La conversación sobre dejar una actividad, arrendar más superficie o sacar un lote del planteo el ciclo que viene corre entonces sin ningún piso declarado abajo, y cada uno en la mesa defiende su alternativa con la cifra que le conviene. El ciclo siguiente, lo mismo, porque no quedó por escrito qué se pretendía.
La herramienta para esto no es nueva y tampoco son dos herramientas. El Manual de Organización y Gestión de la Empresa Agropecuaria, publicado para las escuelas agrarias bonaerenses por el ministerio de agroindustria de la provincia con contenido coordinado por el INTA, lo aclara en una nota al pie: el margen bruto sirve tanto para planificar, antes del hecho, como para evaluar resultados ya ocurridos, después del hecho, y en el primer caso se usa para presupuestar mientras que en el segundo se usa para controlar. La misma resta, corrida dos veces, con un ciclo de por medio. Eso solo es cierto si la resta quedó escrita la primera vez.

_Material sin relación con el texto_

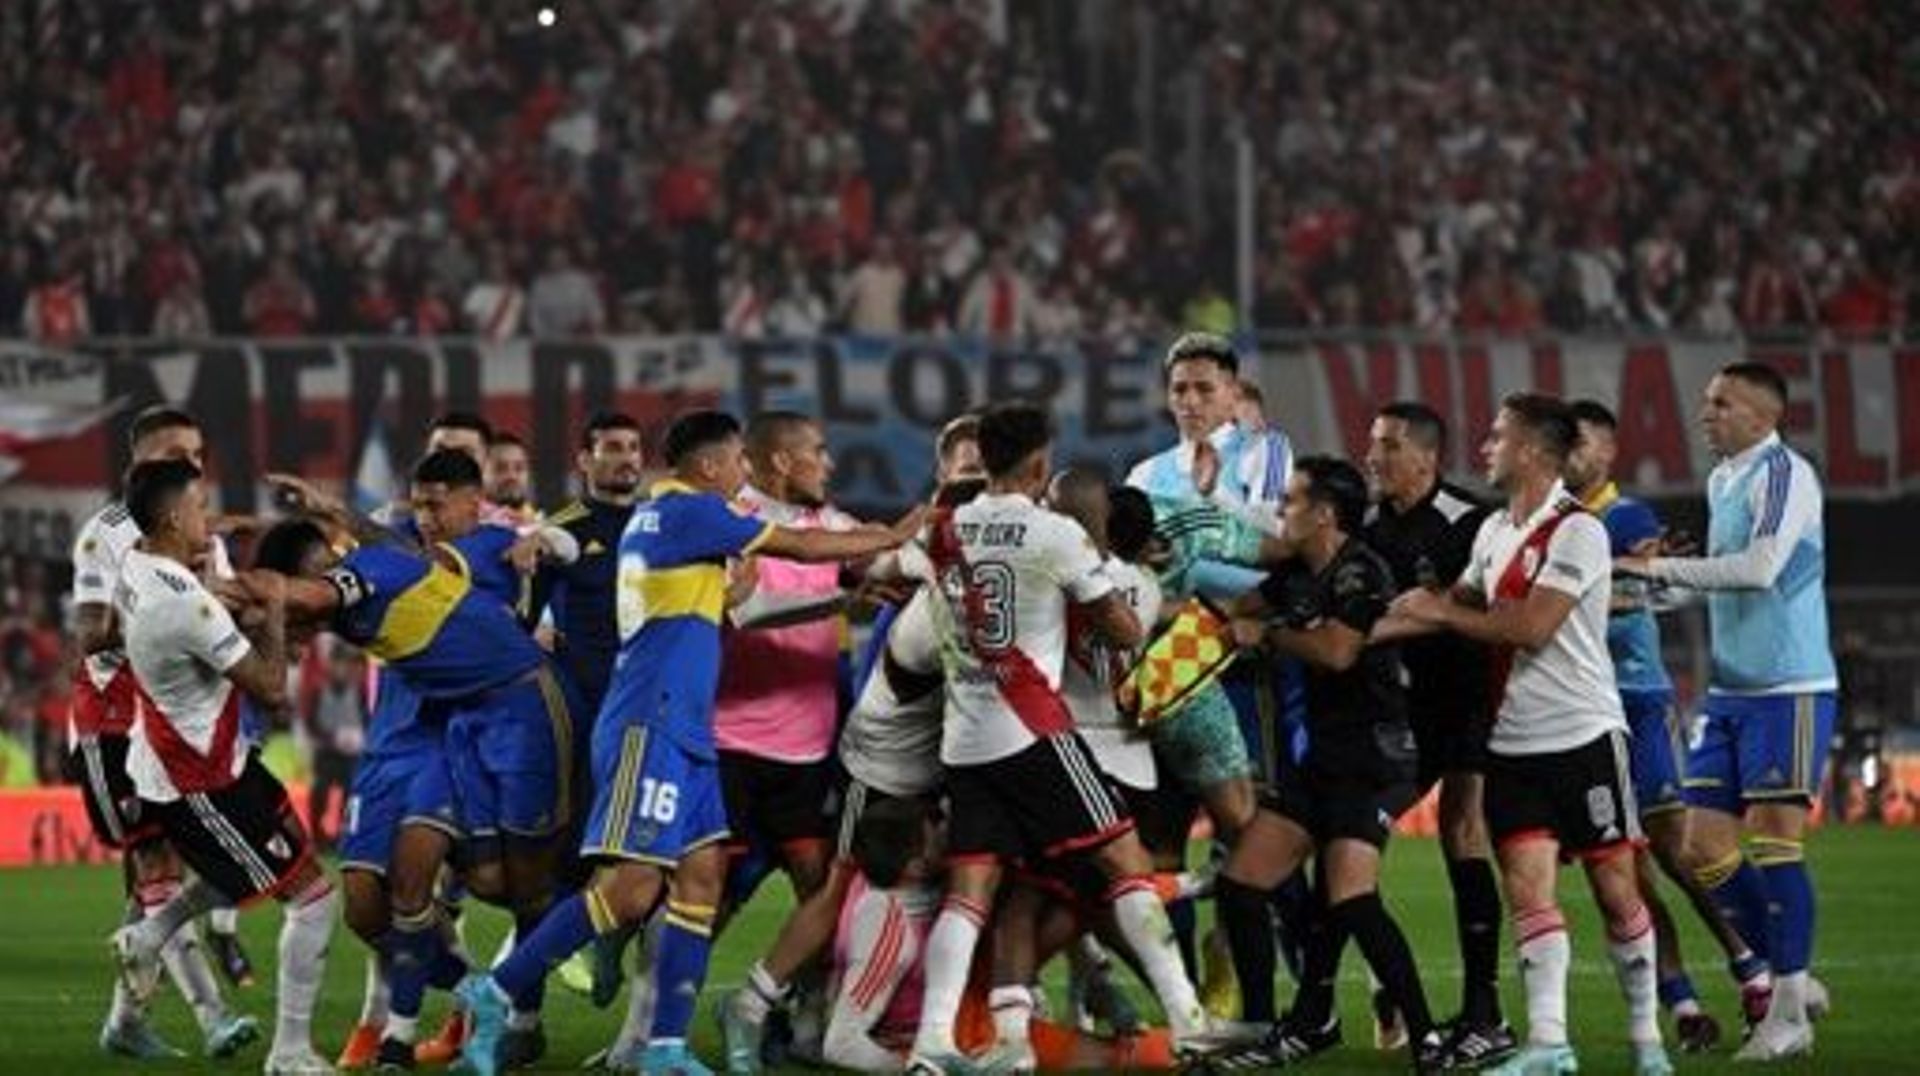 Players of both teams scuffle after incidents following River Plate's penalty goal during the Argentine Professional Football League Tournament 2023 match between River Plate and Boca Juniors at El Monumental stadium in Buenos Aires on May 7, 2023.  Luis

Por qué la cifra tiene que existir antes que el resultado
Porque el recuerdo de la propia previsión se corre hacia lo que terminó pasando. Cassar y Craig, en el Journal of Business Venturing en 2009, lo encontraron en gente que había dejado un registro contra el cual cotejar. Trabajando sobre el Panel Study of Entrepreneurial Dynamics, tomaron 198 personas que estaban armando un negocio propio, que durante el proceso habían declarado qué probabilidad le daban de llegar a funcionar, y que después abandonaron. Cuando se les pidió recordar la cifra que habían dado, contestaron bastante por debajo de lo que habían dicho realmente en su momento. El recuerdo fue disperso, y debajo de la dispersión se inclinaba para un solo lado: hacia abajo, hacia el desenlace que ya conocían.
Eran personas armando un negocio, y lo que recordaban era una probabilidad, no un margen. Lo que cruza es más angosto que el estudio y alcanza para un establecimiento: el recuerdo de una cifra que uno mismo se puso se corre hacia el resultado. Los autores le hicieron la pregunta de recuerdo solo a quienes abandonaron, así que el trabajo no dice nada sobre cómo recuerdan su propia previsión los que llegaron. El tiempo tampoco resultó ser el culpable, porque para todos habían pasado al menos once meses y sumar meses no agrandaba el corrimiento.
Qué le pasa a la explicación cuando el resultado ya se sabe
Se angosta a una sola. Roese y Vohs, revisando la investigación sobre cómo la gente juzga hechos cuyo desenlace ya conoce, en Perspectives on Psychological Science en 2012, describen qué hace la gente con un desenlace que ya tiene en la mano: recuerda de manera selectiva la información que encaja con él y arma un relato en el que la secuencia parece que tenía que terminar así. Dos consecuencias que nombran son una atención miope a una única explicación causal del pasado, a costa de otras explicaciones razonables, y un exceso general de confianza en la certeza del propio juicio.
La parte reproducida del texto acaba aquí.